As it happens, Ye released a deepfake video over the weekend, too. The clip for “Life of the Party,” from his 2021 Donda (Deluxe) record, breathes life into childhood photographs of the rapper, with the young Kanye’s lips appearing to rap the song’s lyrics. The video’s use of deepfakes is an instructive corollary to Lamar’s: We see different facets of Ye across time, whereas with Lamar we see him taking on the perspectives of other people altogether. The two clips also show the range of verisimilitude deepfakes can achieve—the visual manipulations in Lamar’s video are much sharper and more believable than in West’s, which seems amateur in comparison.

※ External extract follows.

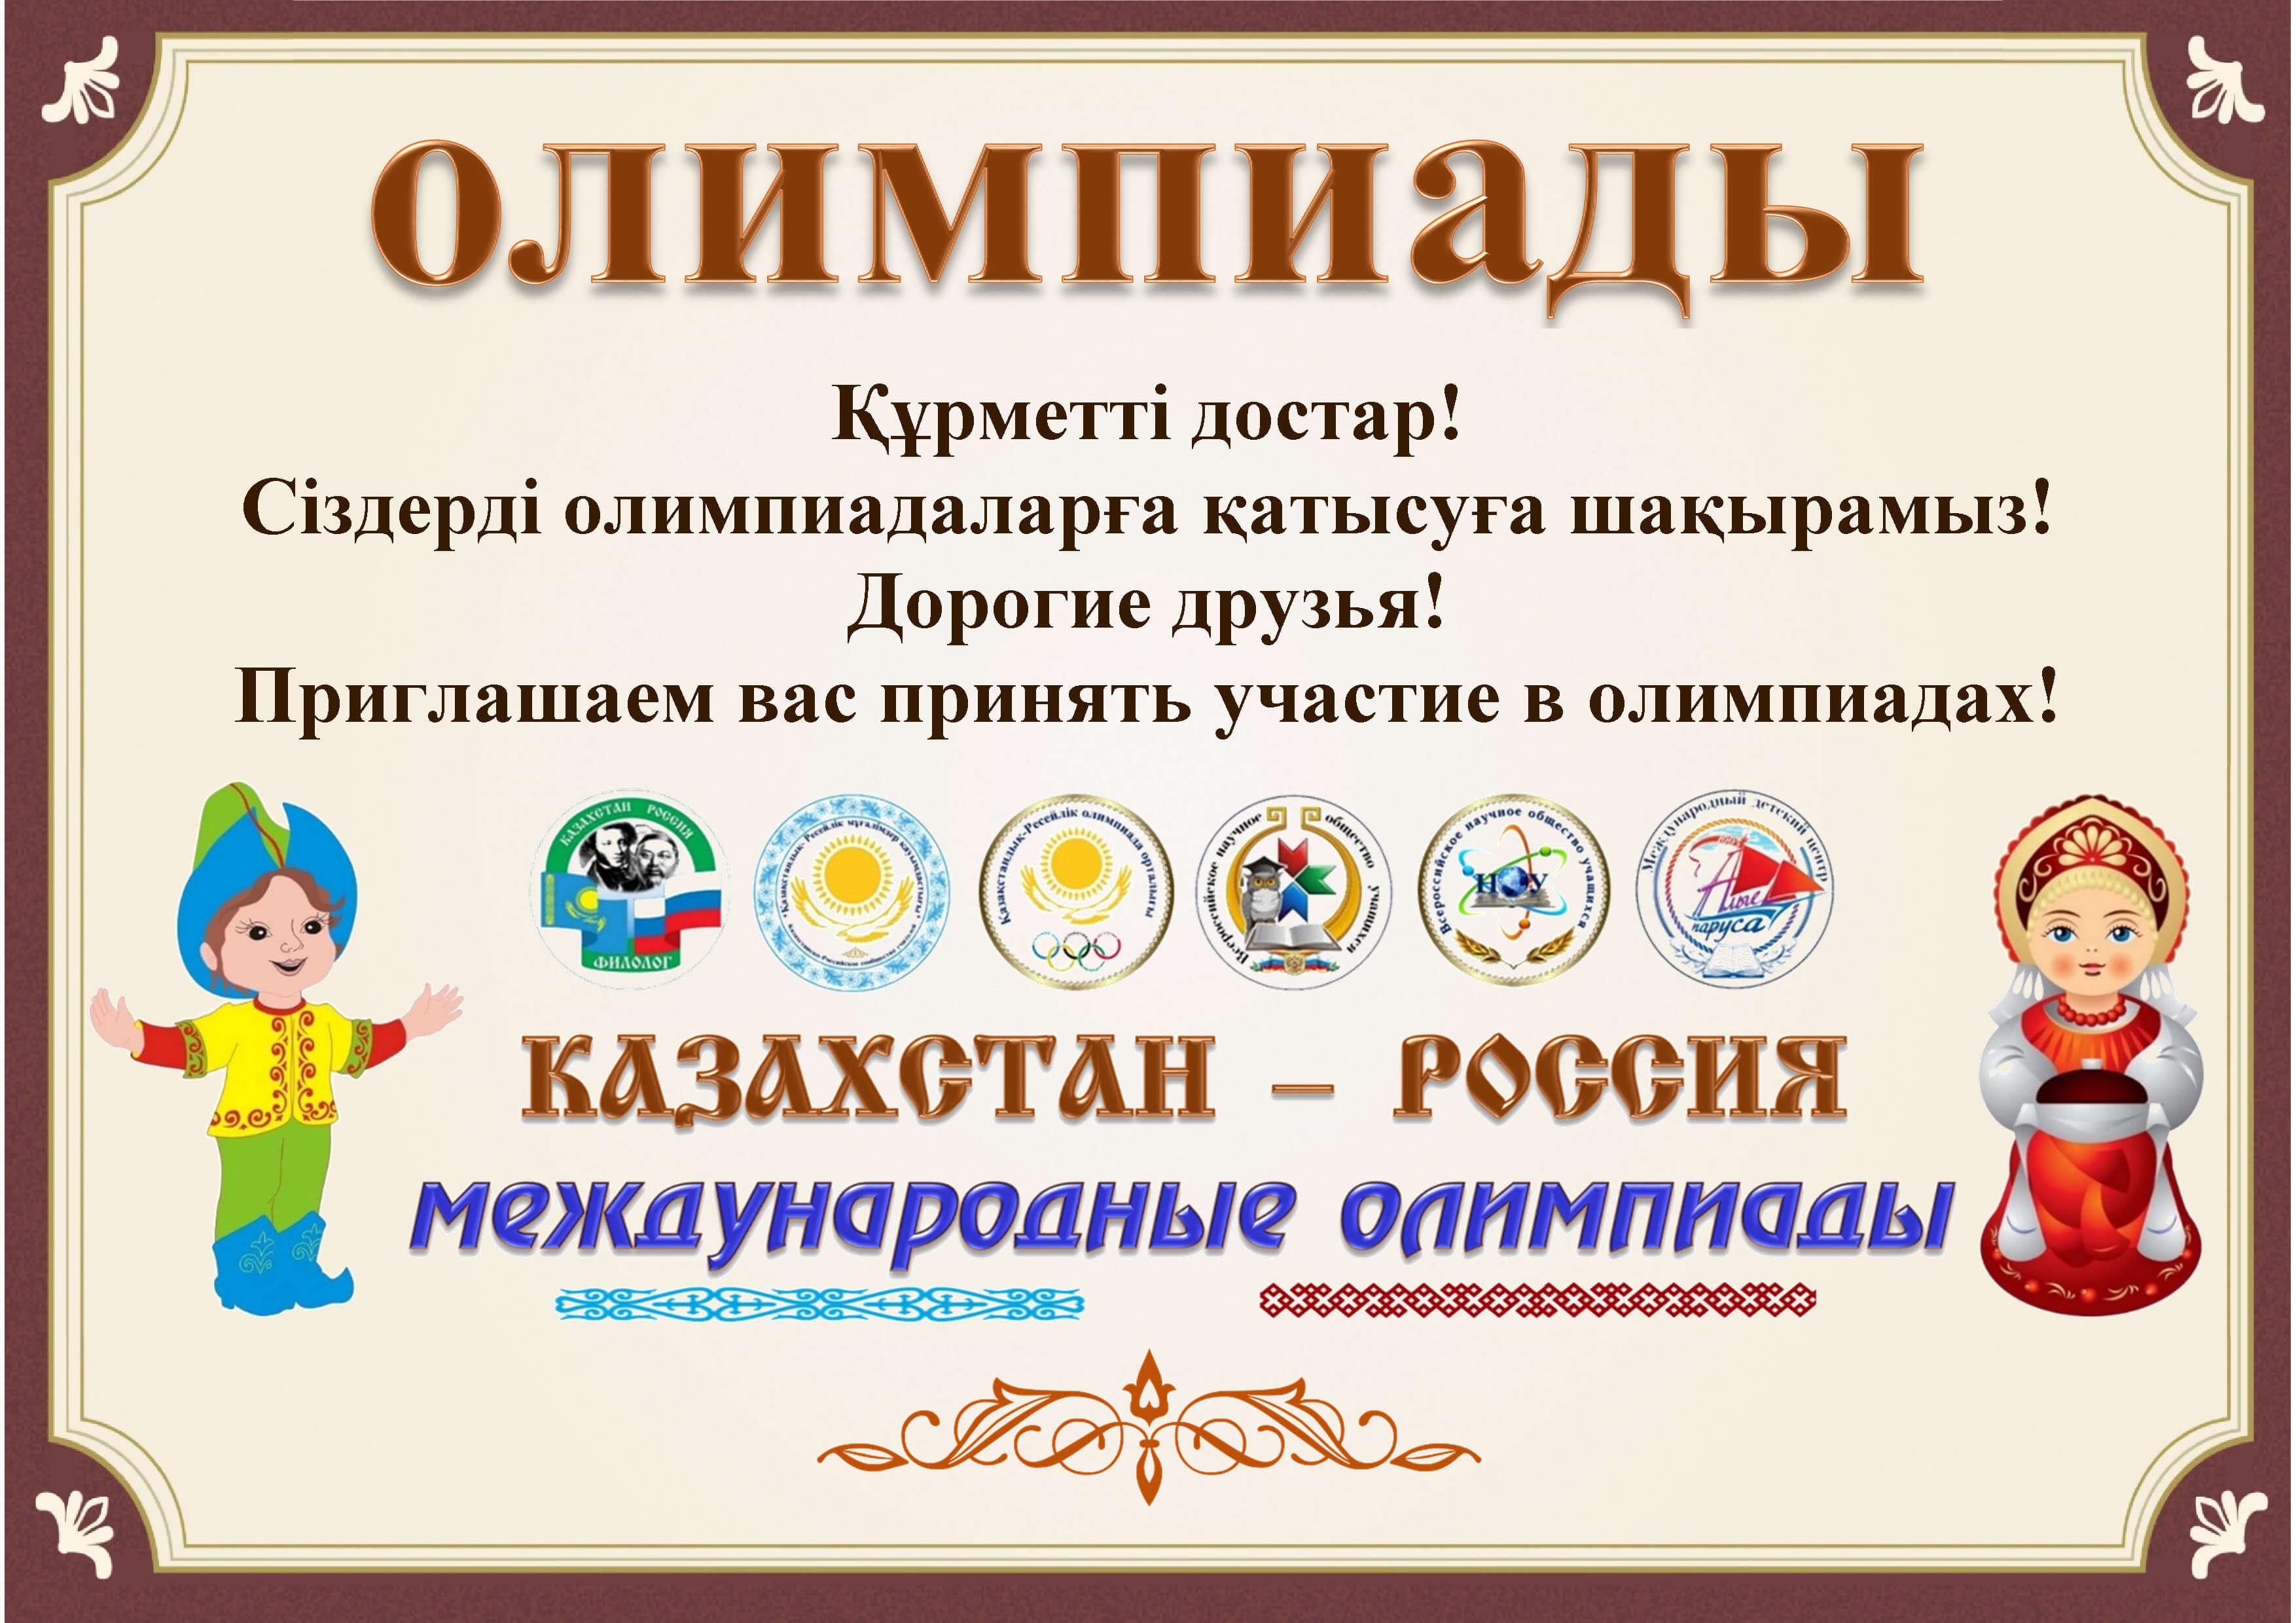 Олимпиада по русскому языку 4 класс с ответами 2018 для нерусских школ

“The Heart Part 5” is dense and heady, defying knee-jerk explanations. The credits cite South Park creators Matt Parker and Trey Stone along with their Deep Voodoo studio, which is also behind the celebrity-deepfake web series Sassy Justice. If there’s a comedic thrill in seeing a potentially dystopian technology exploited for the sake of putting Mark Zuckerberg in a turkey suit, there’s a different power in watching Lamar, as the late Nipsey Hussle, rap about his own murder from beyond the grave. As deepfake technology grows cheaper and more convincing, Lamar won’t be the last musician to harness it. But he’ll be remembered as the first one who opened Pandora’s box and dared audiences to doubt their own eyes in the service of adding yet another layer of depth to his work.